Most secure way to use SPICE when outside of LAN (Apache reverse proxy)?

[xapt]

Hola, amigos.

I'd like to use a certain VM as a VDI when I'm not at home.
Right now, it is set up as following:

Internet => connecting to proxmox.domain.tld using Apache reverse proxy on Port 443 that forwards me to port 8006 using a Linux VM => SPICE using port forwarding on port 3128 to proxmox.

It doesn't feel very secure, since the port 3128 is forwarded directly to proxmox. Is there a more secure way to make SPICE work without exposing my proxmox on port 3128 directly to the internet?
Unfortunately, VPN is out of question, since the network I'm in doesn't allow outgoing VPN connections. Is there any way I can relay the port 3128 to proxmox without exposing the proxmox machine to the internet? Something like Apache reverse proxy? I don't think Apache can forward TCP connections directly.
Any other ideas how to use SPICE from WAN?

 

[blindrain]

I'm looking for a similar setup though I plan on using https://github.com/joshpatten/PVE-VDIClient for the client. I've figured out how to hide theProxMox interface with Nginx. but is 3128 secure enough to leave port forwarding open? I've been trying to come up with a way to implement port knocking to make this work.

 

[shalashaskatoka]

Hmm. I think using SPICE through the hypervisor itself for daily use is not the right approach.

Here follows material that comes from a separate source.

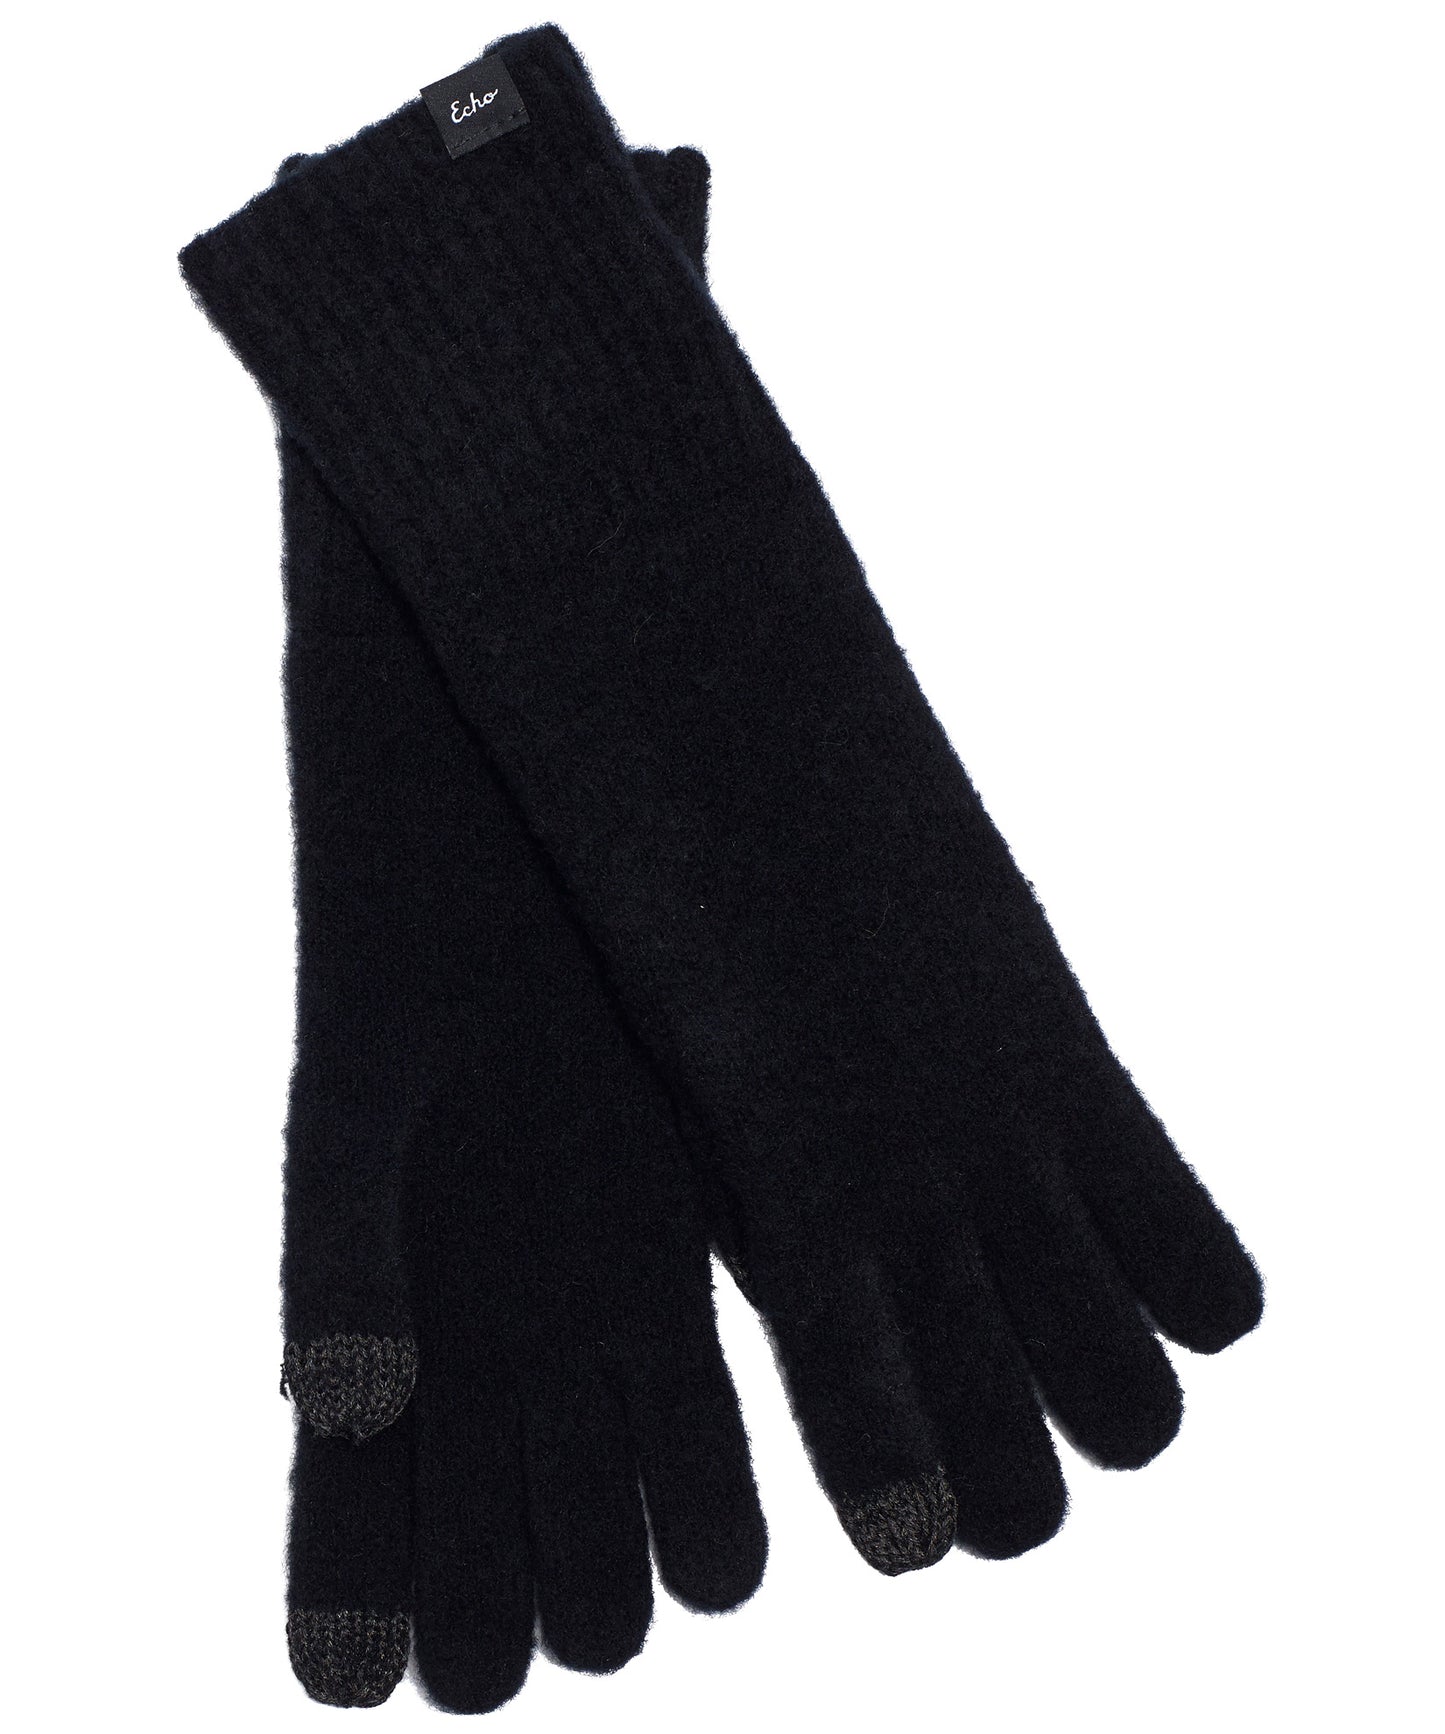 Rib Cuff Glove in color Echo Black

If you want a remote visual session on any windows or linux host with out any fiddling, try this. I ended up with this solution after years playing with other methods:
https://www.nomachine.com/remote-access-for-everybody

You could also try this. It was a bit fiddly with x11 sessions last I tried it with linux hosts. Maybe its better now? Windows support was good as well. :
https://guacamole.apache.org/

Either way, I think you want to remote direct into the VM instead of coming in " over the top" through the hypervisor.